Task -
Set down the data below in full, exactly as it reads, but without the pictures.
[Data shown — start]
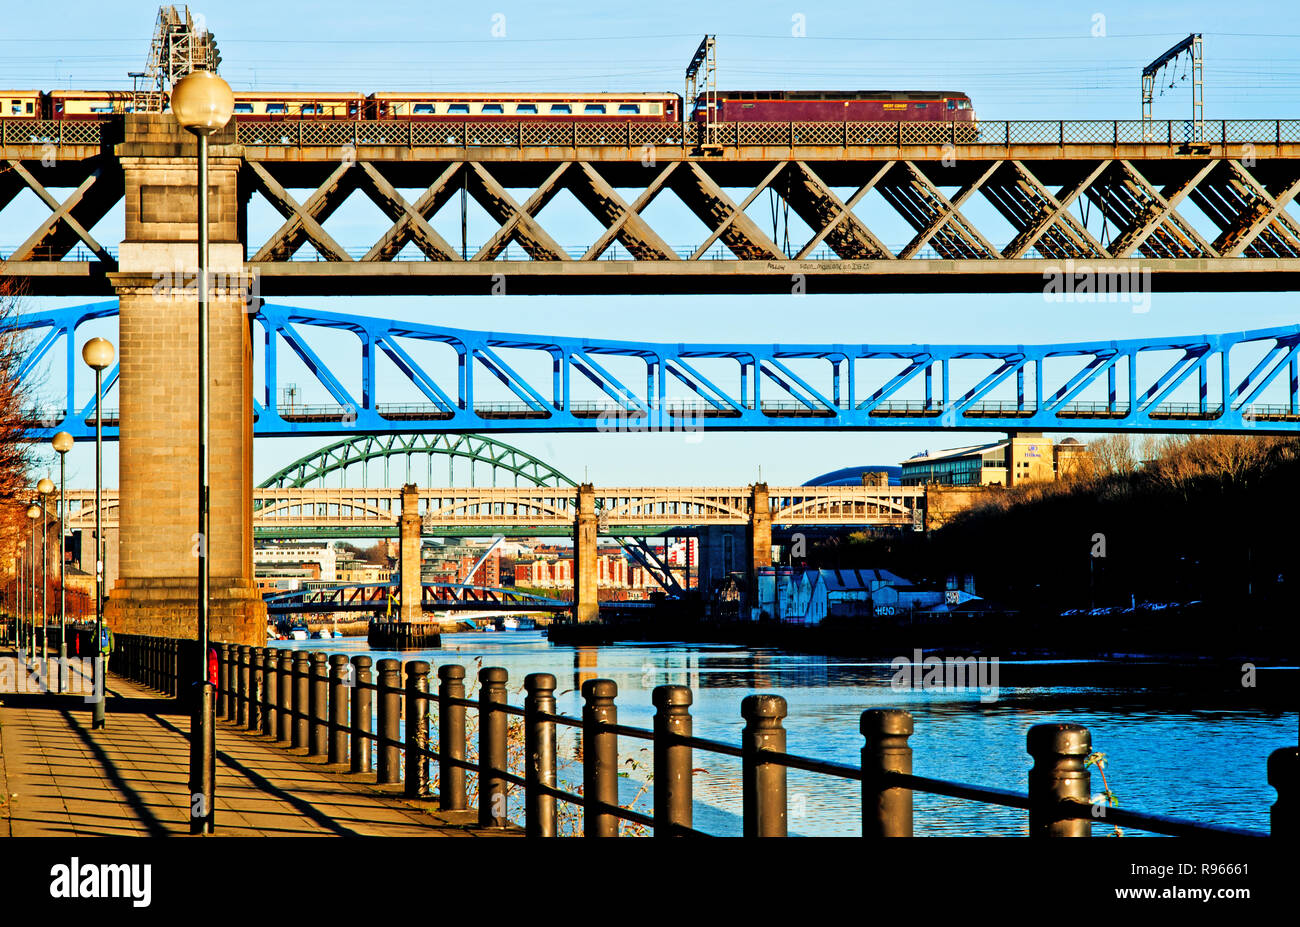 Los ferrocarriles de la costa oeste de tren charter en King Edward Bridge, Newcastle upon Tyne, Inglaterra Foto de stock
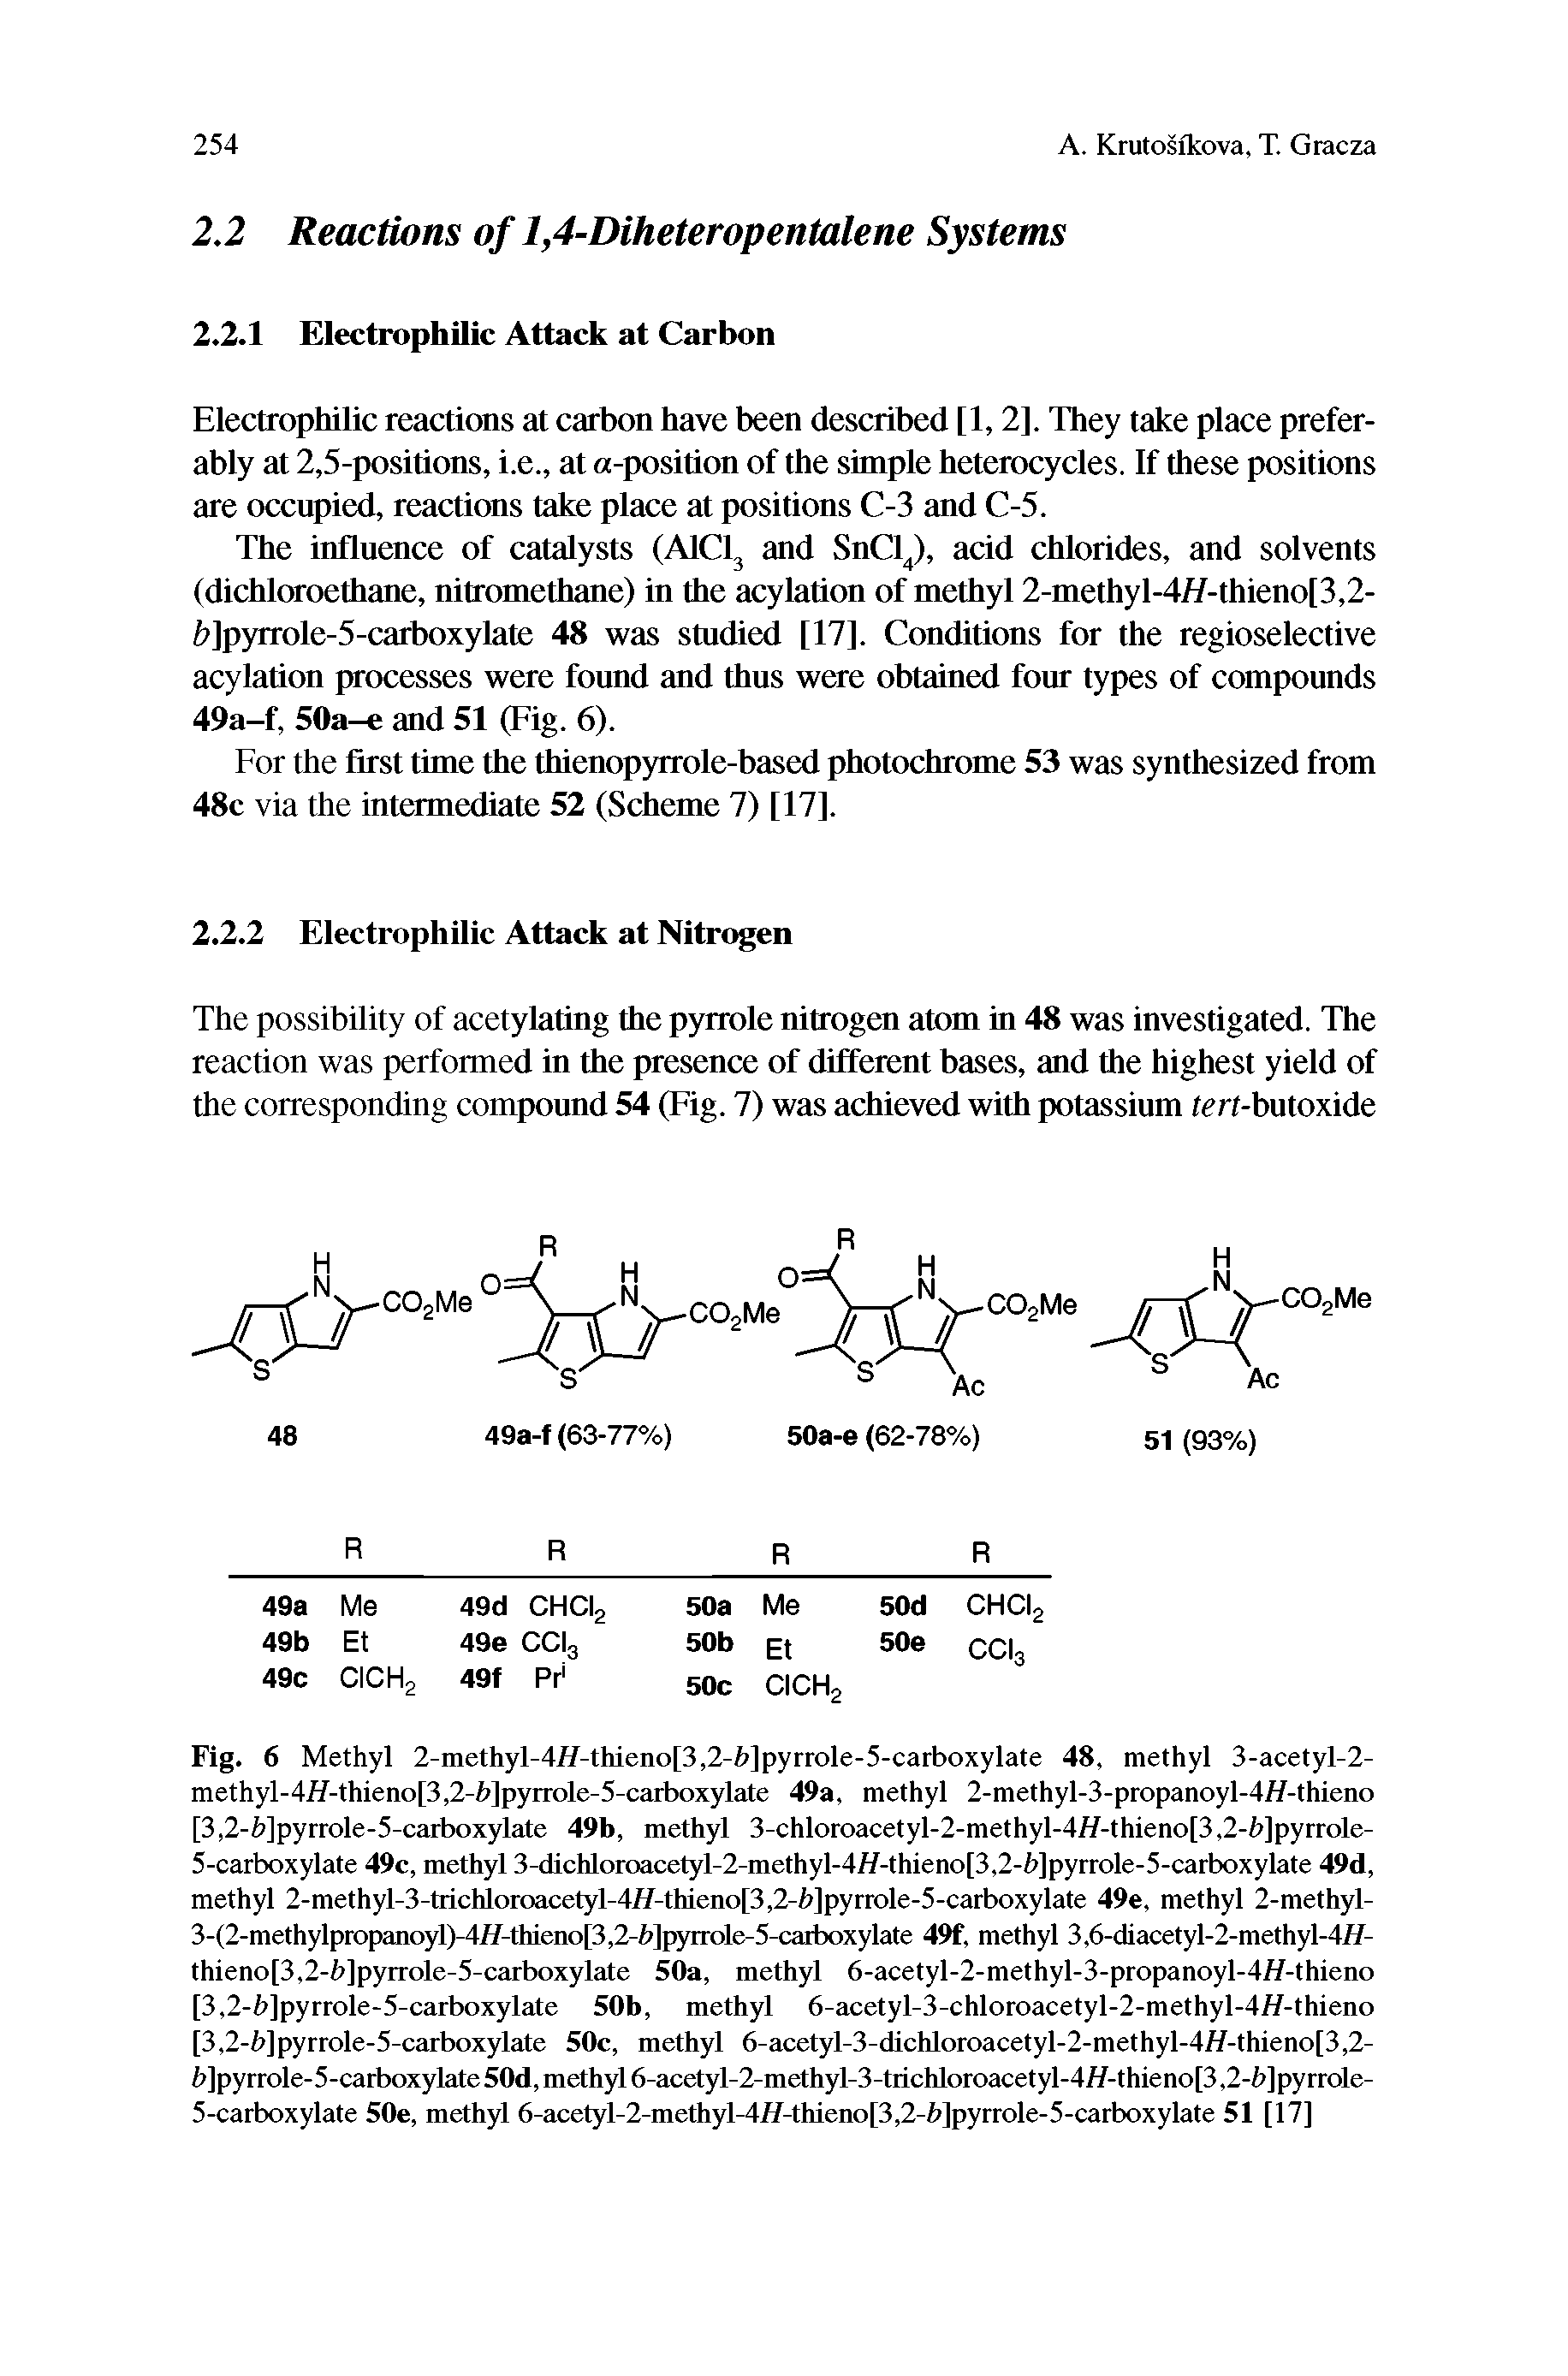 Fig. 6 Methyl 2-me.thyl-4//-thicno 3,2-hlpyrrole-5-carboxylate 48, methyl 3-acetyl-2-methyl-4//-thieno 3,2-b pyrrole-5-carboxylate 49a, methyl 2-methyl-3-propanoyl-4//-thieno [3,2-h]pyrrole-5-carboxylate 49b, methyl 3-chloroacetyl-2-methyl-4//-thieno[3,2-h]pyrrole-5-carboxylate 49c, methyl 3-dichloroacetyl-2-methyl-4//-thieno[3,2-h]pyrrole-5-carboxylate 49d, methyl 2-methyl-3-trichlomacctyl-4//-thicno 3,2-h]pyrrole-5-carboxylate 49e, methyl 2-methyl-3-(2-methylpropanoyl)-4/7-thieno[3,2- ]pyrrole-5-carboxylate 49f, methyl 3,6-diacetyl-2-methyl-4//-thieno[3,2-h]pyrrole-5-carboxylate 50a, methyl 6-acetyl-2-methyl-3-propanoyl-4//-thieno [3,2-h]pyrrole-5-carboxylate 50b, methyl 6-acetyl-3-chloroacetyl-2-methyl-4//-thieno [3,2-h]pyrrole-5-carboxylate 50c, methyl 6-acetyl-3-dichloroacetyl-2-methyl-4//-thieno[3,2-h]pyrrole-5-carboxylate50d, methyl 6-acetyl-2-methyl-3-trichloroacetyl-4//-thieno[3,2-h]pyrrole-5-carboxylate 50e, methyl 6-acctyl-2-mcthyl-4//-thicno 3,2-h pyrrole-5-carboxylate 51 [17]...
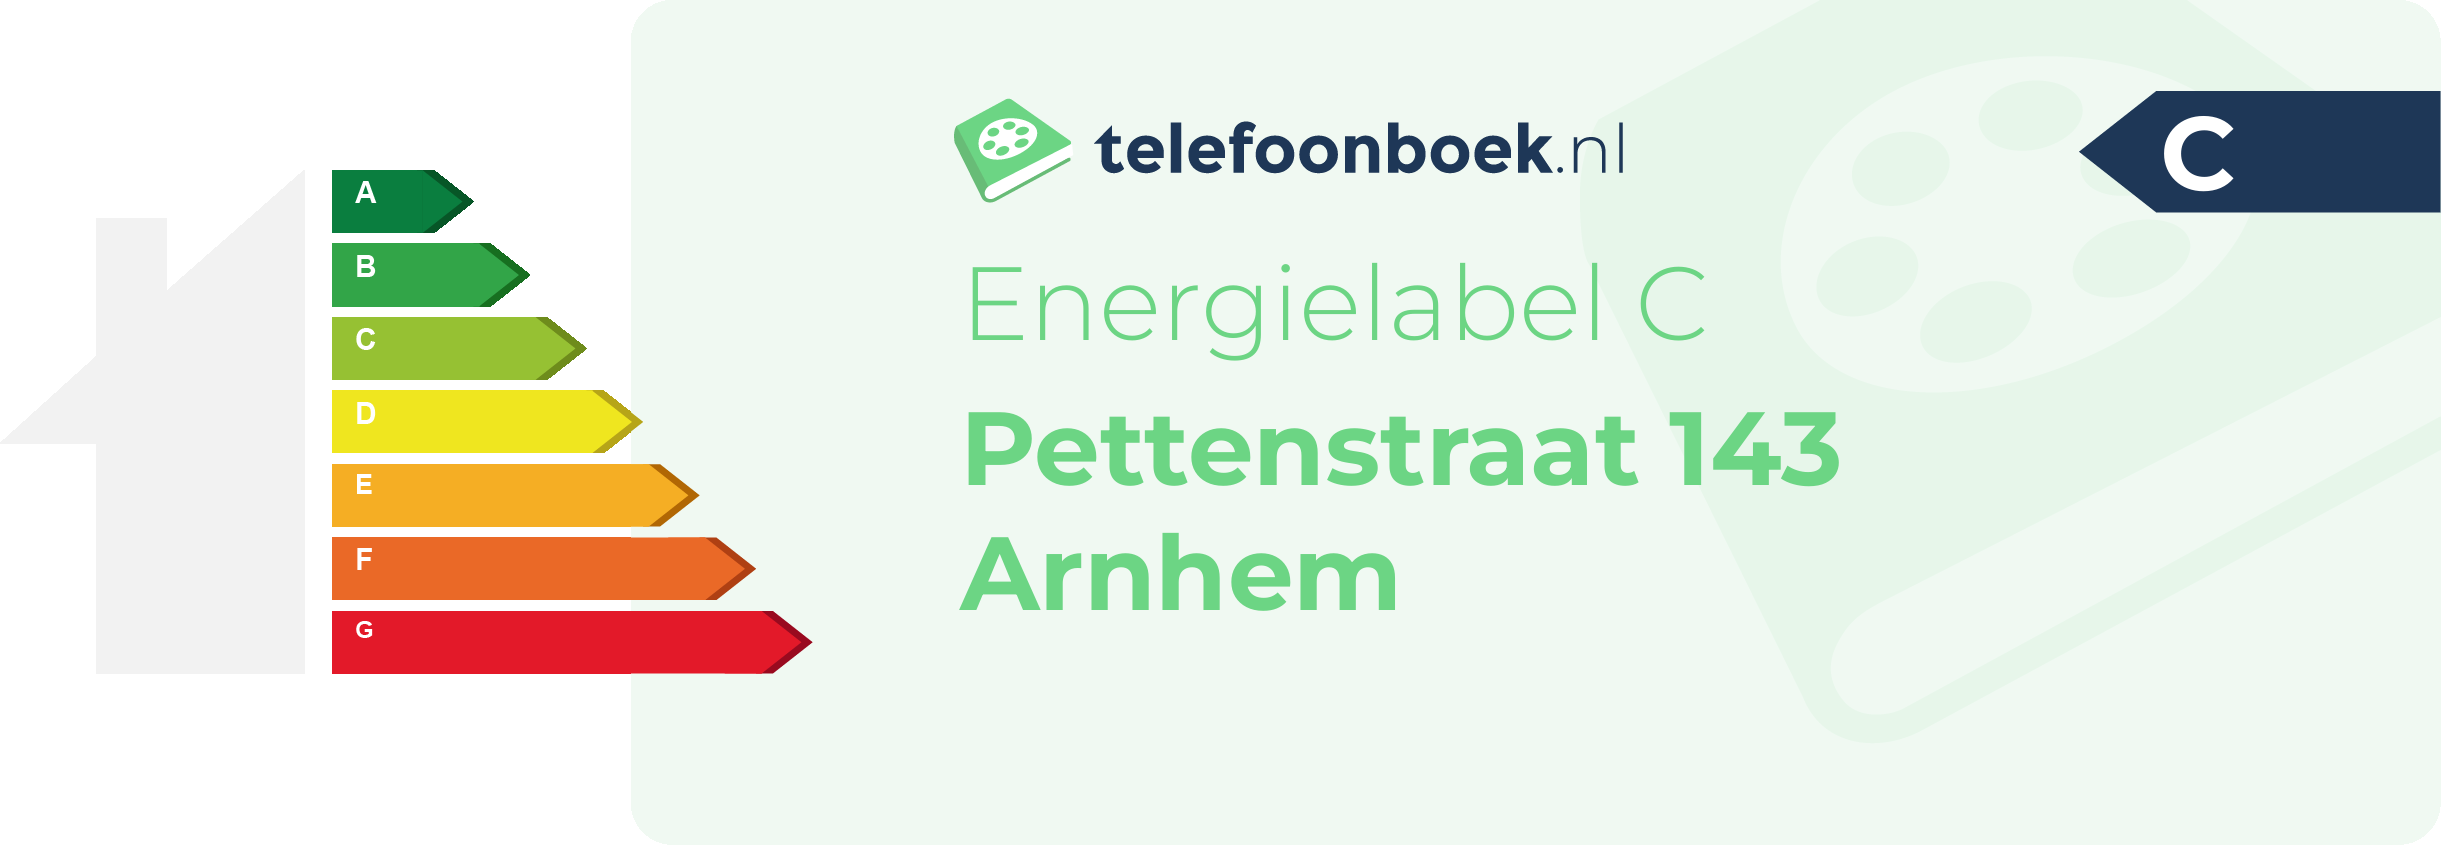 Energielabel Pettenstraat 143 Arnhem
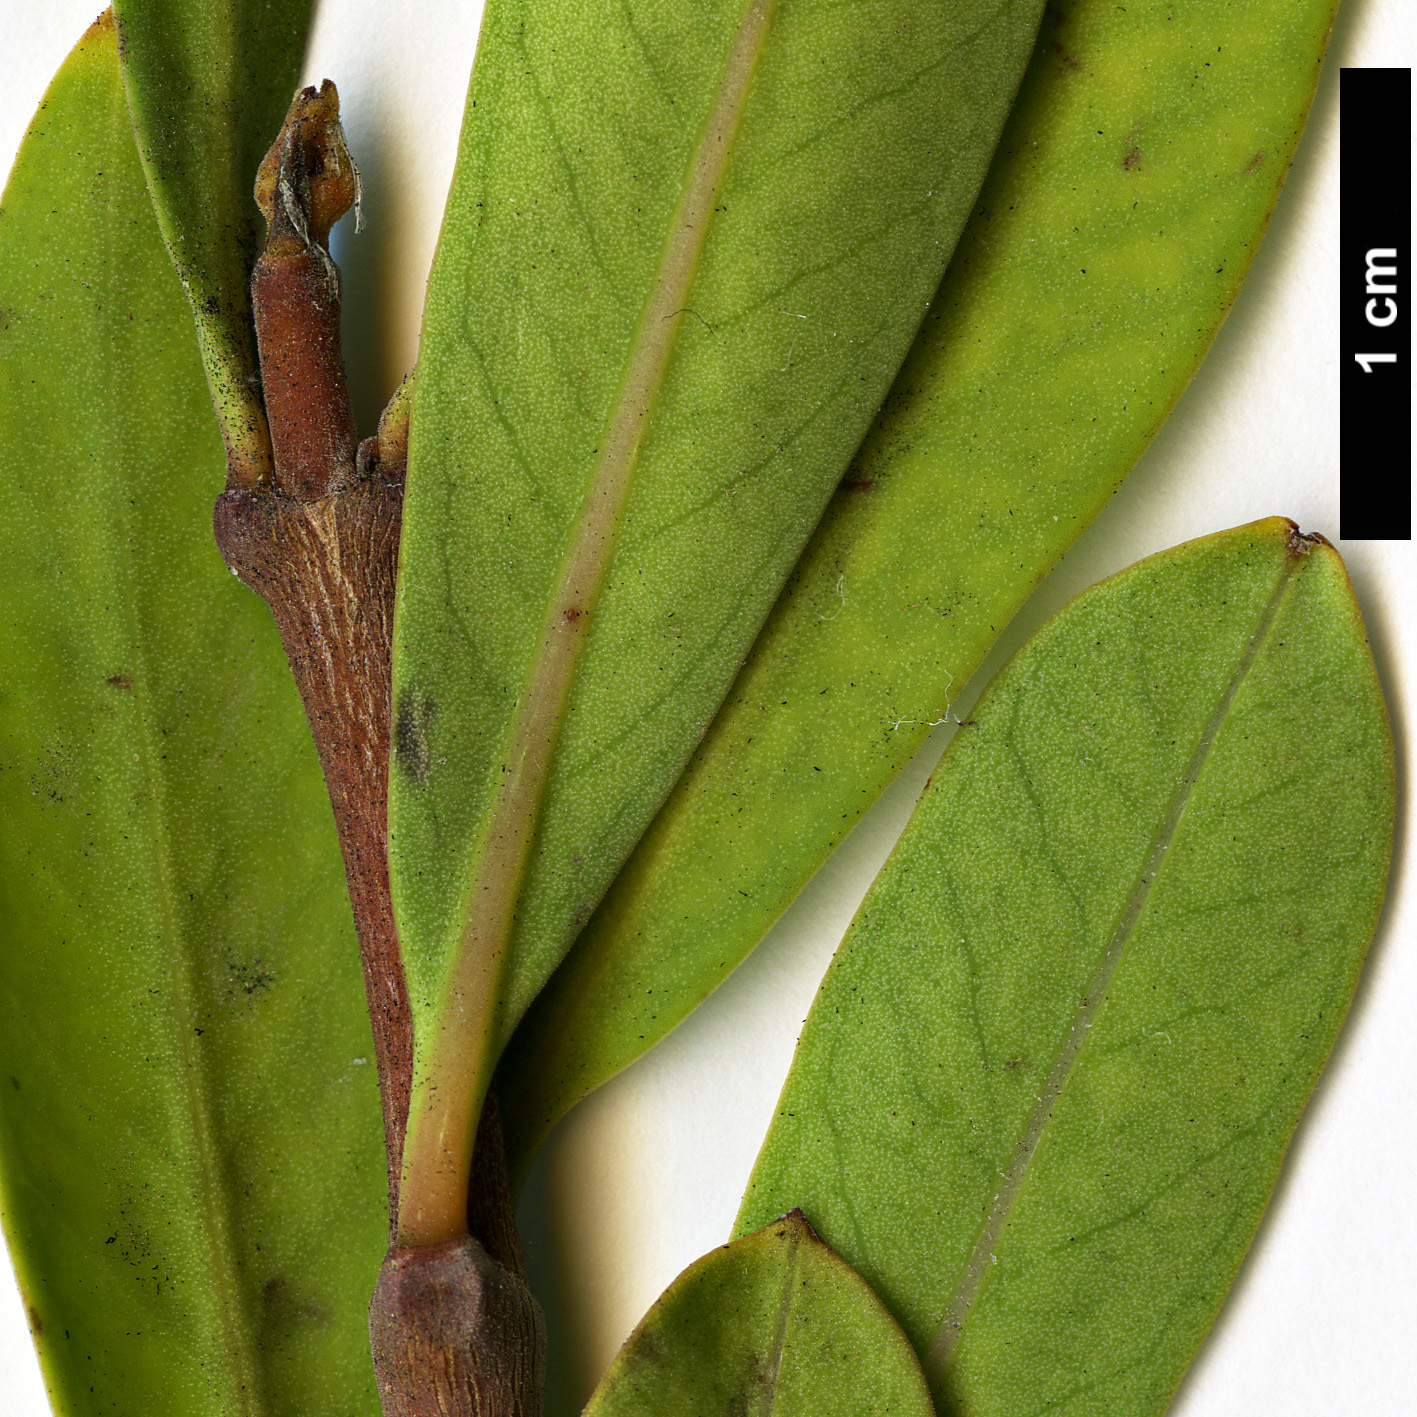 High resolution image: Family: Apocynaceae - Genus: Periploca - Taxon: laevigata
[Data shown — finish]
Reply to the task -
 Los ferrocarriles de la costa oeste de tren charter en King Edward Bridge, Newcastle upon Tyne, Inglaterra Foto de stock
 Fig. 6 Methyl 2-me.thyl-4//-thicno 3,2-hlpyrrole-5-carboxylate 48, methyl 3-acetyl-2-methyl-4//-thieno 3,2-b pyrrole-5-carboxylate 49a, methyl 2-methyl-3-propanoyl-4//-thieno [3,2-h]pyrrole-5-carboxylate 49b, methyl 3-chloroacetyl-2-methyl-4//-thieno[3,2-h]pyrrole-5-carboxylate 49c, methyl 3-dichloroacetyl-2-methyl-4//-thieno[3,2-h]pyrrole-5-carboxylate 49d, methyl 2-methyl-3-trichlomacctyl-4//-thicno 3,2-h]pyrrole-5-carboxylate 49e, methyl 2-methyl-3-(2-methylpropanoyl)-4/7-thieno[3,2- ]pyrrole-5-carboxylate 49f, methyl 3,6-diacetyl-2-methyl-4//-thieno[3,2-h]pyrrole-5-carboxylate 50a, methyl 6-acetyl-2-methyl-3-propanoyl-4//-thieno [3,2-h]pyrrole-5-carboxylate 50b, methyl 6-acetyl-3-chloroacetyl-2-methyl-4//-thieno [3,2-h]pyrrole-5-carboxylate 50c, methyl 6-acetyl-3-dichloroacetyl-2-methyl-4//-thieno[3,2-h]pyrrole-5-carboxylate50d, methyl 6-acetyl-2-methyl-3-trichloroacetyl-4//-thieno[3,2-h]pyrrole-5-carboxylate 50e, methyl 6-acctyl-2-mcthyl-4//-thicno 3,2-h pyrrole-5-carboxylate 51 [17]...
 Energielabel Pettenstraat 143 Arnhem
 High resolution image: Family: Apocynaceae - Genus: Periploca - Taxon: laevigata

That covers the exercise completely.